KANSAS CITY, Mo. — Culinarian Lauren Lane joins the FOX4 Morning Crew to prepare this easy, quick and delicious weeknight meal.
This one-pan dish will serve happy tummies and have easy cleanup, perfect for any night of the week.
- 12-ounce package whole wheat penne pasta
- 1 (24 ounces) jar pasta sauce (I use Rao’s)
- 2 1/2 cups water
- 1 pound of chicken (cut into small 1″ pieces)
- I teaspoon Italian seasoning
- 2 cups shredded mozzarella cheese
- 3/4 cup bread crumbs
- 1/2 cup Parmesan Reggiano cheese (grated)
- salt and pepper to taste
- Preheat oven to 425 degrees. Spray 9 x 13 baking dish with cooking spray.
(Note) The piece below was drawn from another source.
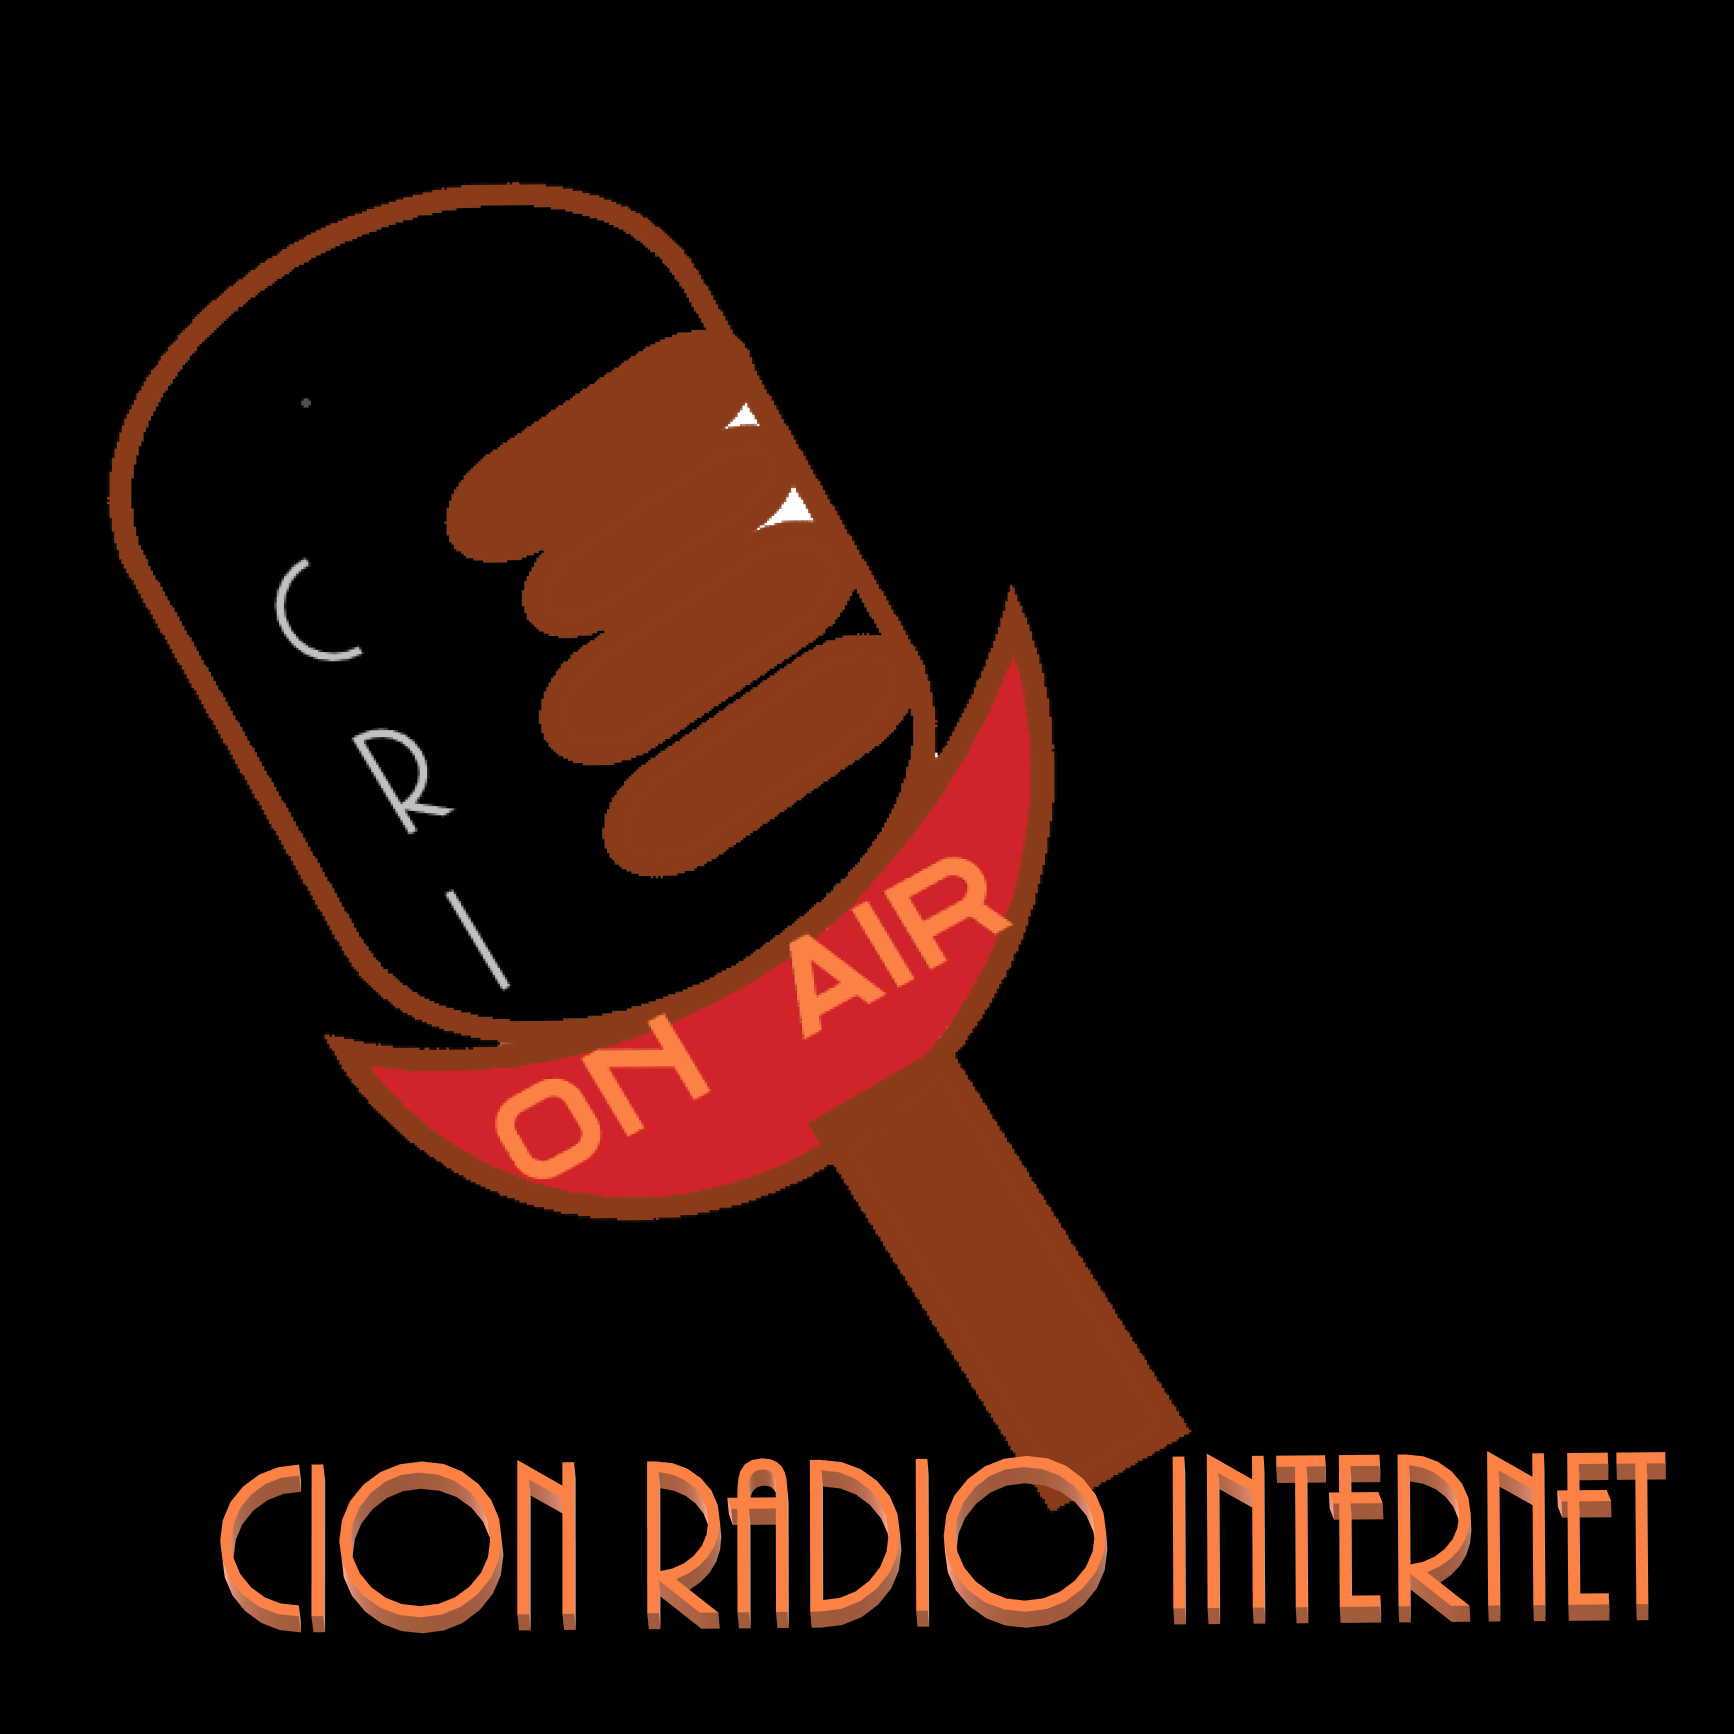 CRI (CION RADIO INC) RADIO

- Add uncooked noodles, pasta sauce, water, chicken, Italian seasoning, and 1/2 cup mozzarella to the baking dish. Add a generous amount of salt and pepper. Mix ingredients together.
- Cover dish tightly with aluminum foil and bake for 30 minutes. Uncover and bake for an additional 10 minutes or until pasta is al dente. (see note below)
- Remove from oven and stir well. Spread mozzarella cheese, then the breadcrumbs and Parmesan cheese over the pasta dish. Drizzle with olive oil if desired.
- Bake uncovered for 10 minutes or until cheese is melted and bread crumbs are golden brown.
- If after the first 40 minutes your pasta isn’t cooked through, continue cooking until desired tenderness is reached. If your dish looks dry, add a 1/4 cup of hot water, stir and continue cooking.
- Whenever there are so few ingredients, you should try to use quality ingredients. For example, grate your own Parmesan Reggiano. It’s so much better!
- This recipe can be halved—Bake in a 9×9 dish.
- Serve with a salad and crusty bread if desired.